DAR ES SALAAM - Tanzanian authorities said on Friday they have planned to spend some 651,000 U.S. dollars in launching a black rhino tourism that will enable visitors to watch the endangered wild animals at close range.
The tourism promotional stint using the black rhino will be the first of its kind to be done in Tanzania, said Abel Mtui, the assistant conservation officer in the Mkomazi National Park, northeastern of the east African nation.
Currently black rhinos are being used in South Africa for tourism promotional venture.
Mtui said the Mkomazi National Park was in final stages of erecting an electric fence with a 1,000-square km-area where the black rhino will be kept, adding that tourists will be able to watch rhinos at close range beginning July this year.
He said increased poaching of black rhinos in the 1980s forced Tanzania to transfer some of its black rhinos to South Africa and the Czech Republic for their safety.

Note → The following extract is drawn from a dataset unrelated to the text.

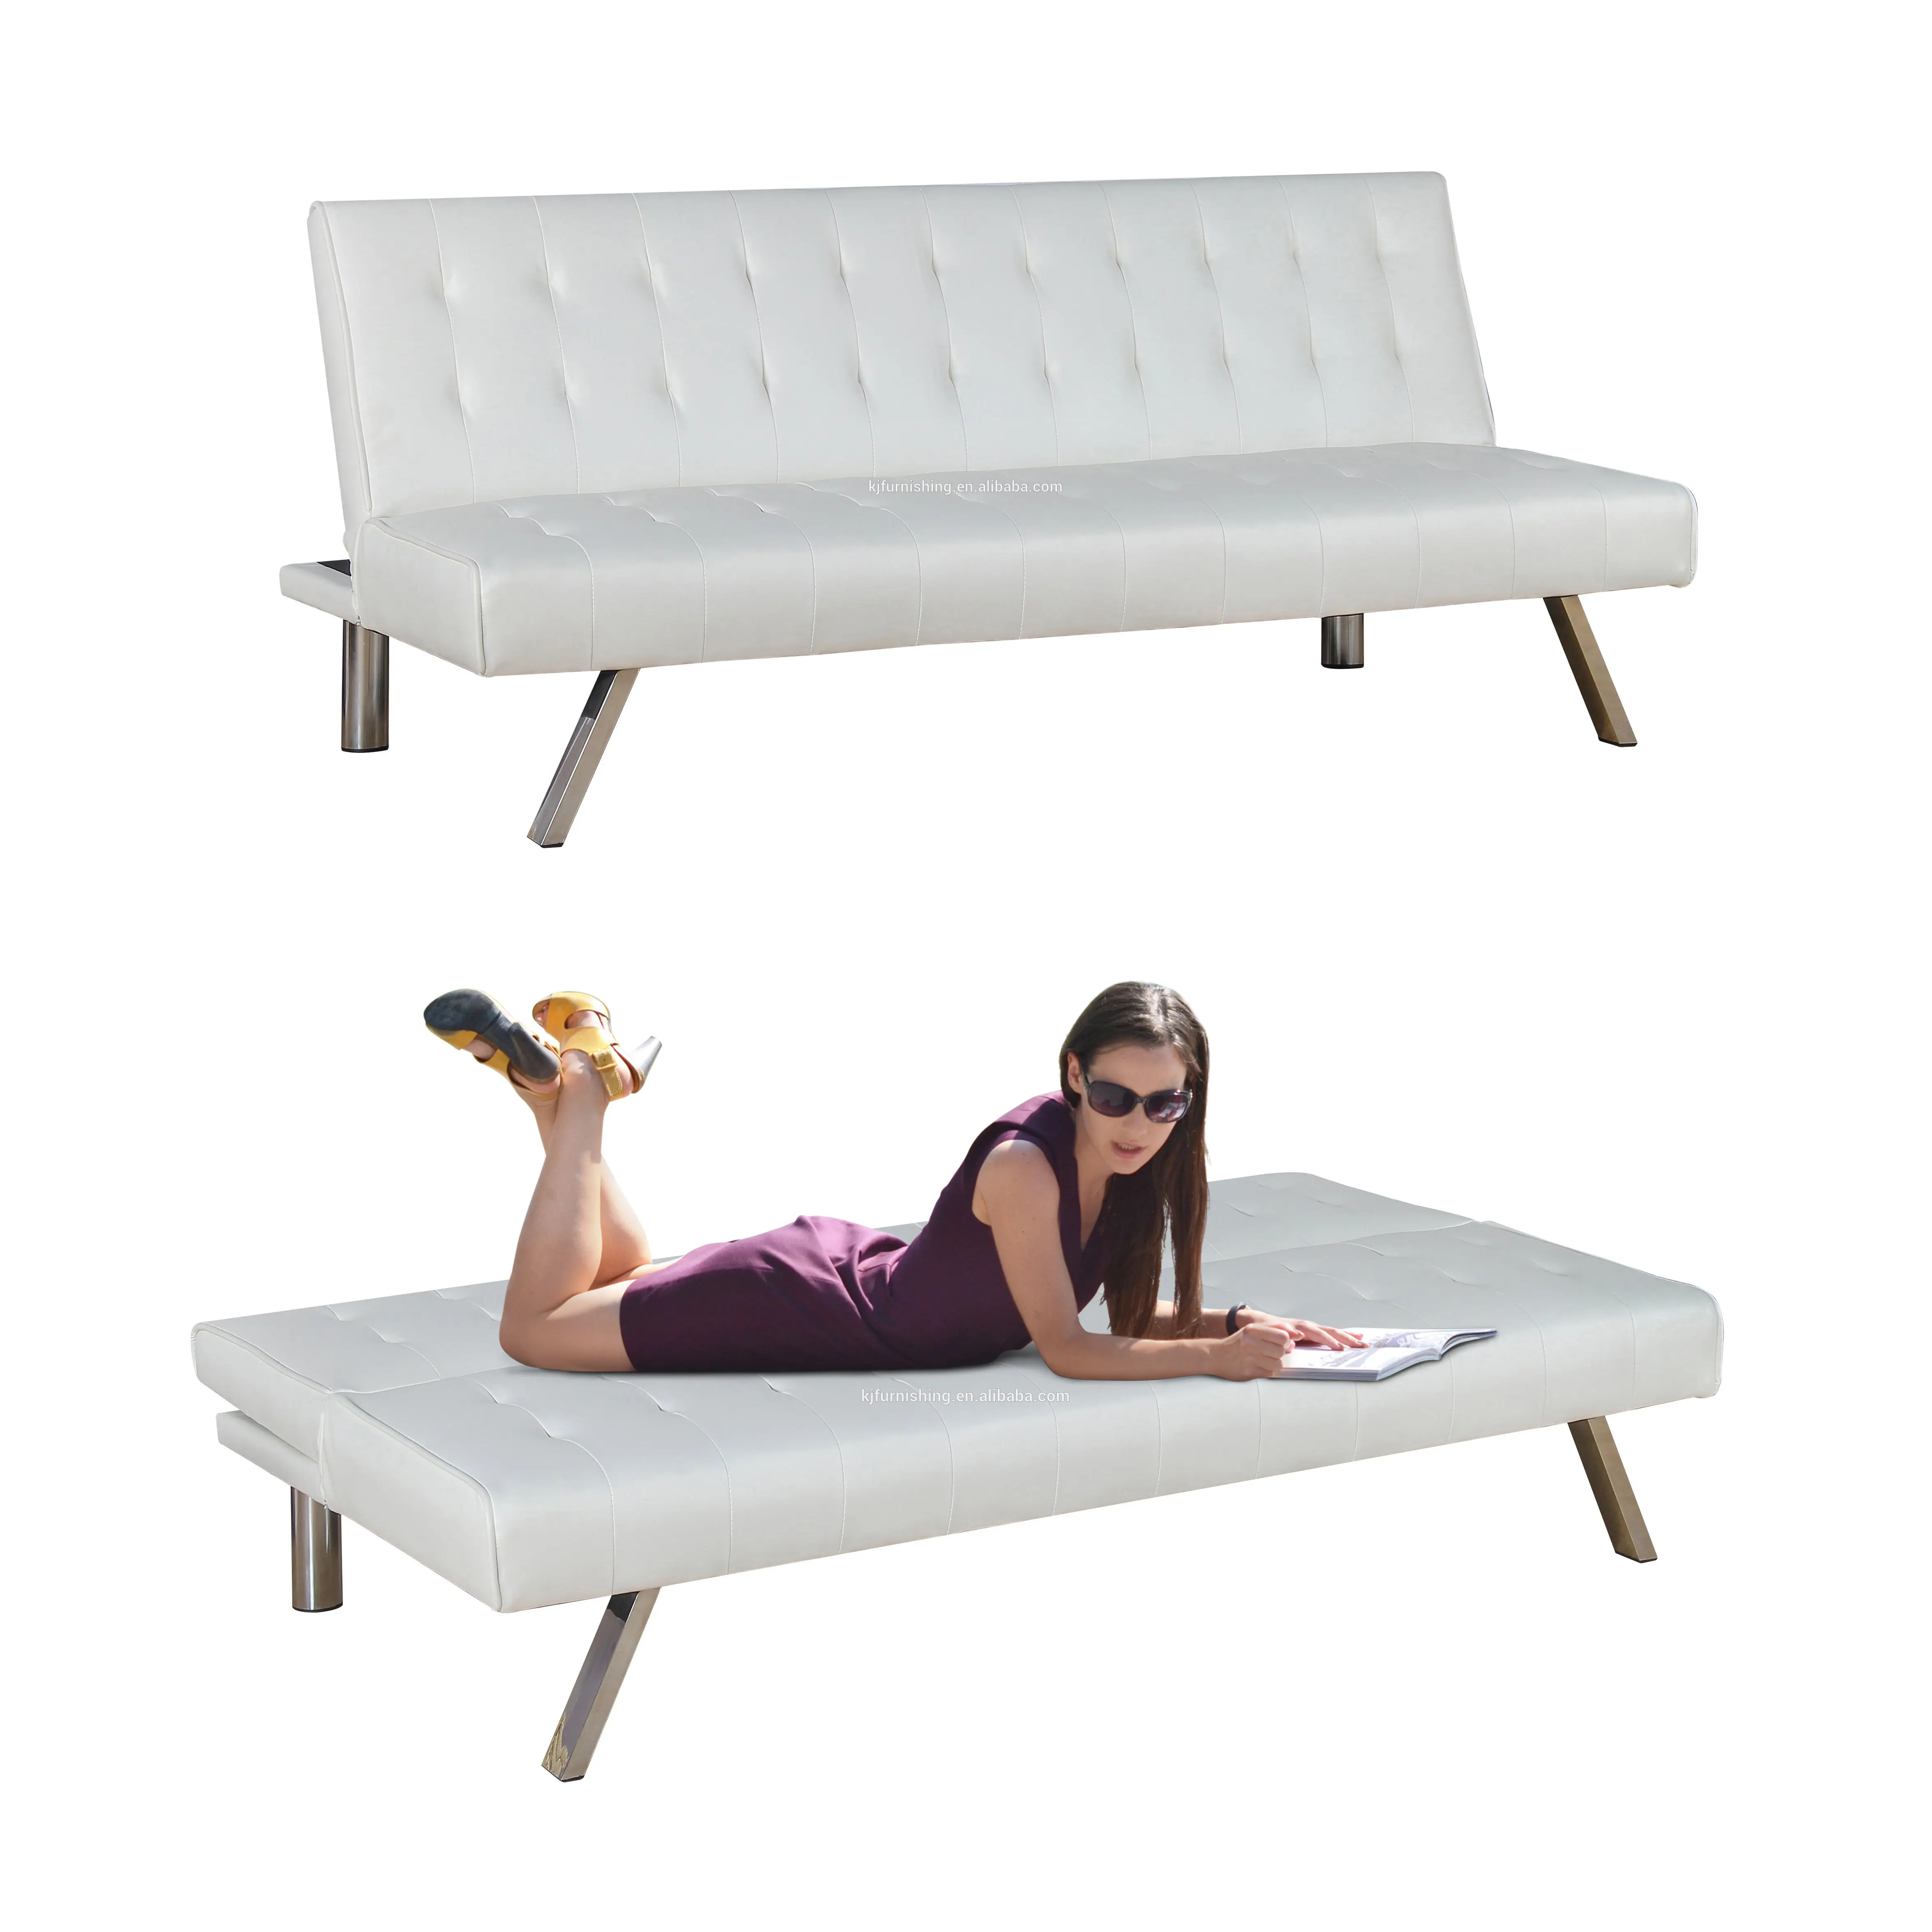 Einfaches Design Stoff Futon Sofa Cum Bed Folding Moderne Wohnzimmer möbel Sleeper Schlafs ofa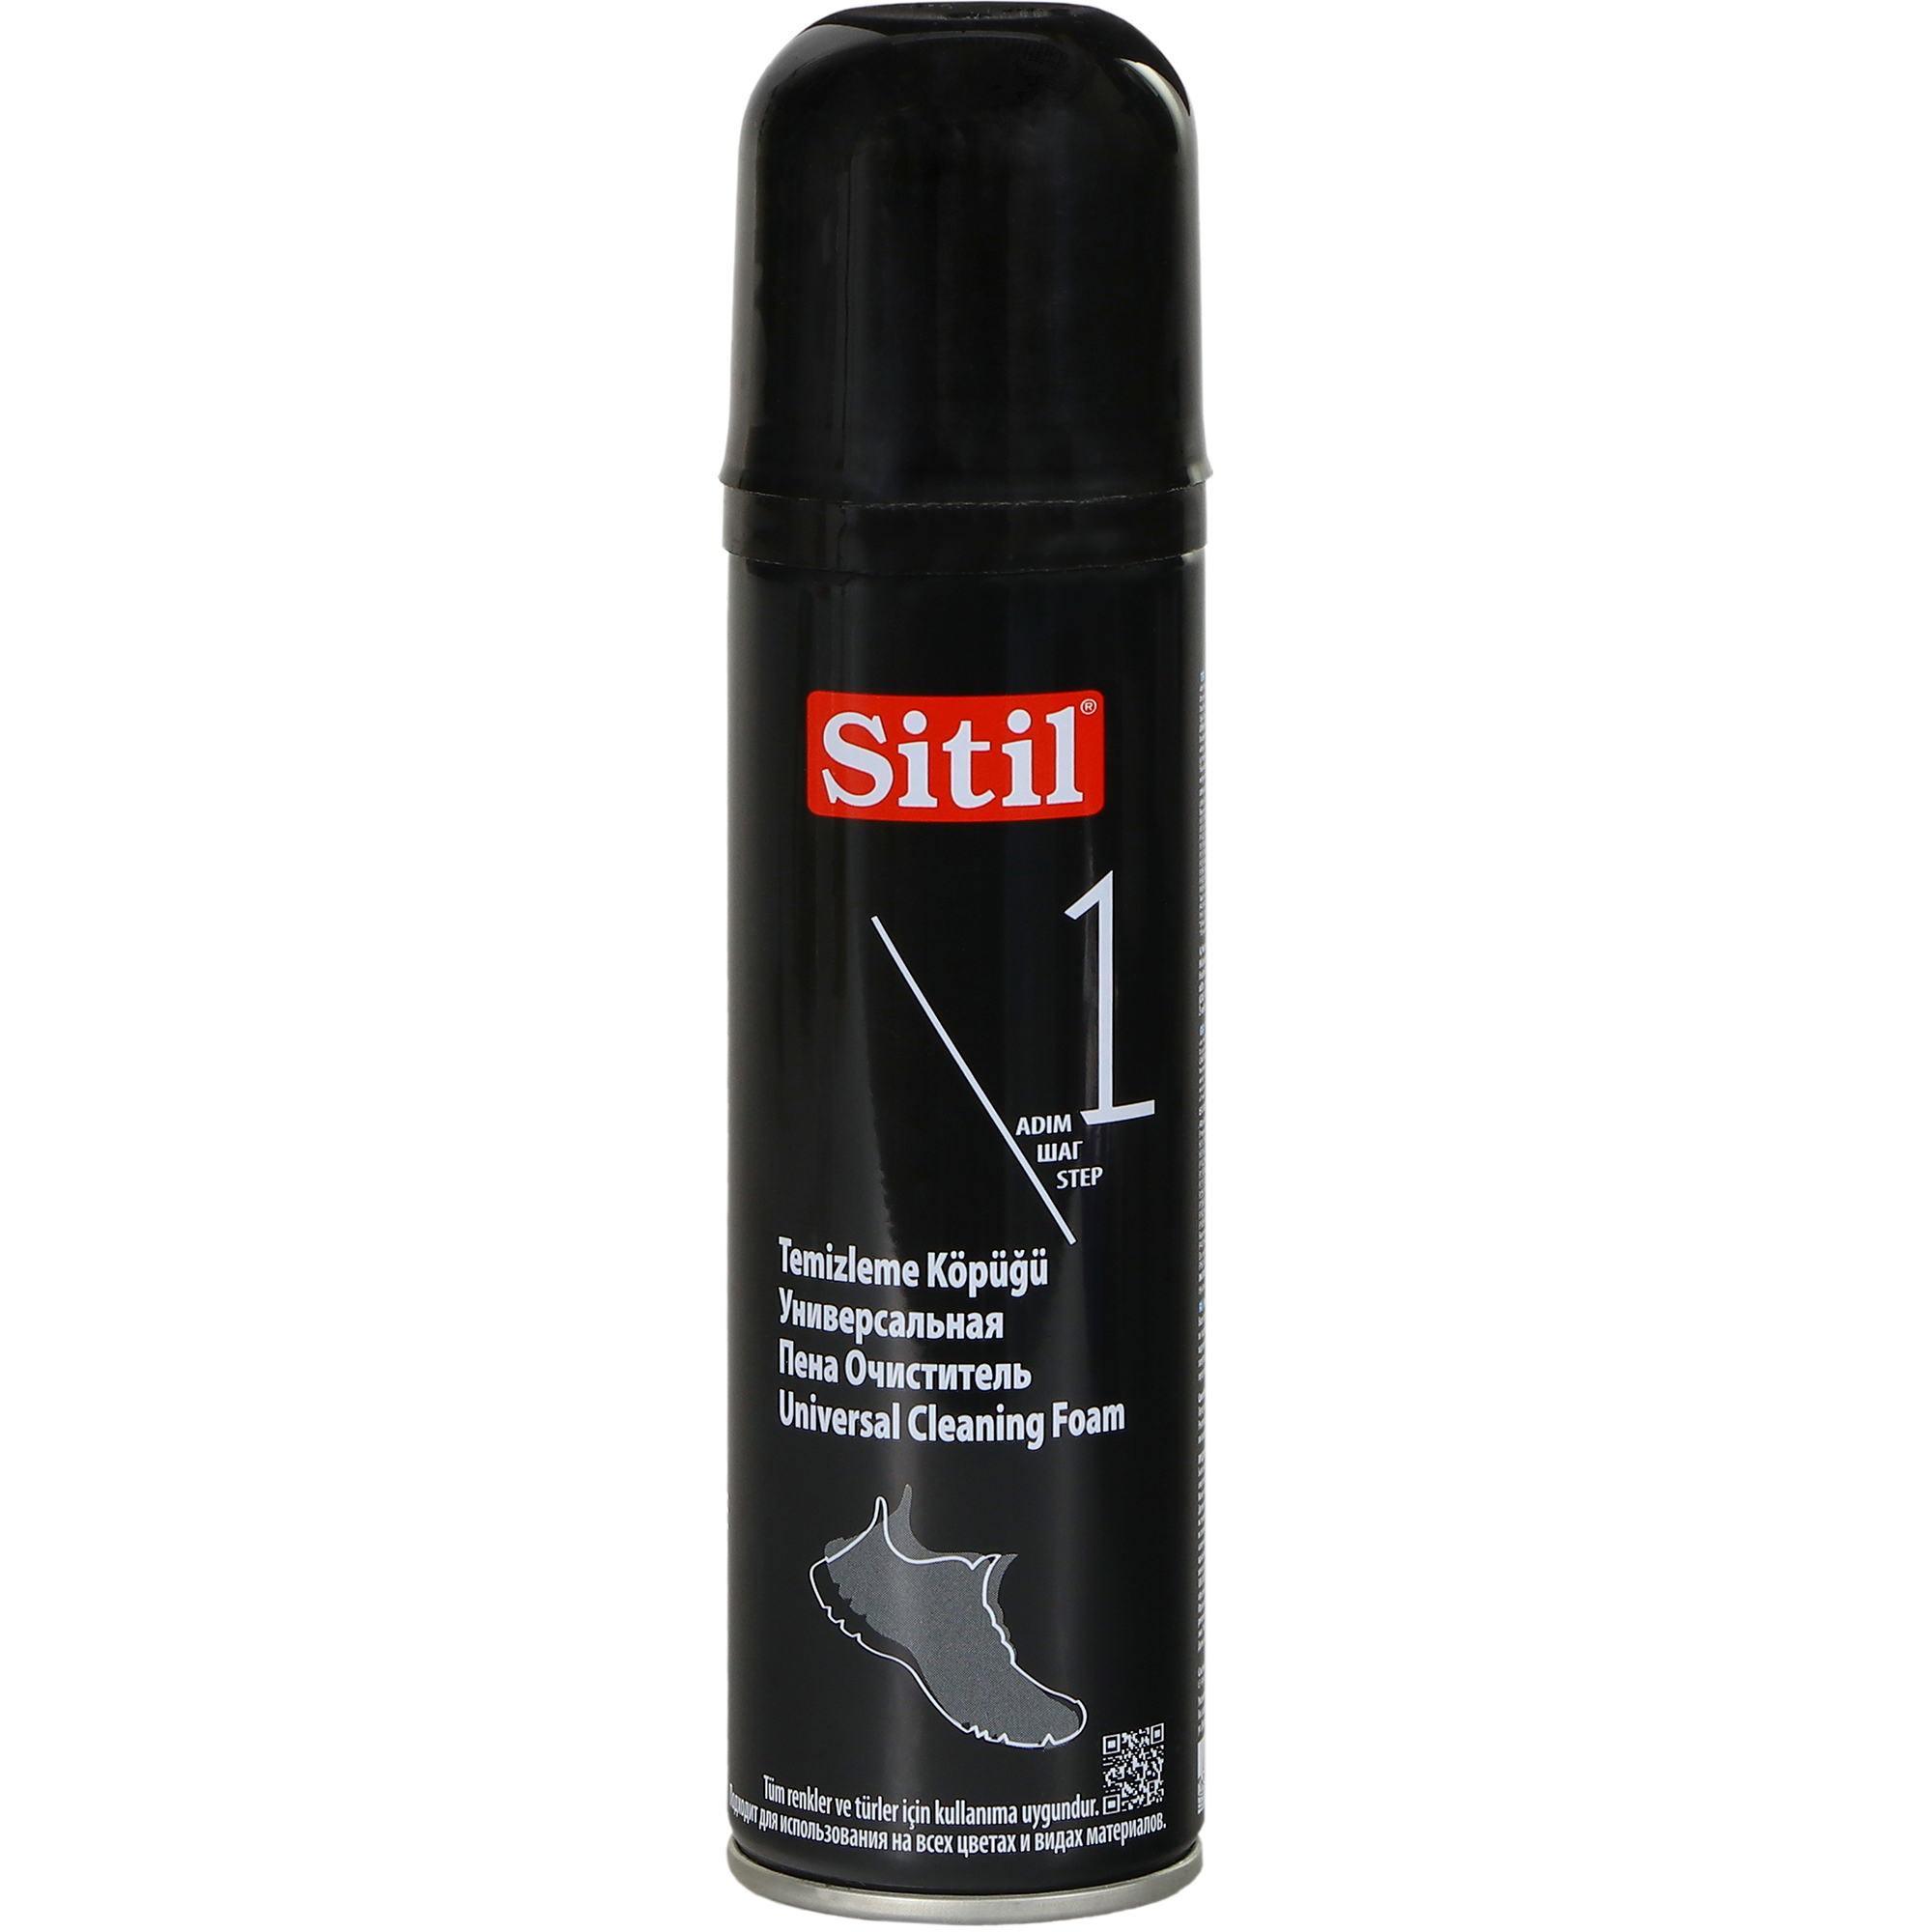 Пена-очиститель Sitil универсальная 150 мл пена очиститель штрих основной уход универсальная 150мл

"Most of the rhinos were returned to Tanzania after concerted efforts to fight poaching paid dividends," said the official.
"After we had realized that most of the tourists wanted to see rhinos at close range we came up with this arrangement," said Mtui.
The 3,500-square-km Mkomazi National Park is located in northeastern Tanzania on the Kenyan border, in Kilimanjaro and Tanga regions. It was established as a game reserve in 1951 and was upgraded to a national park in 2006.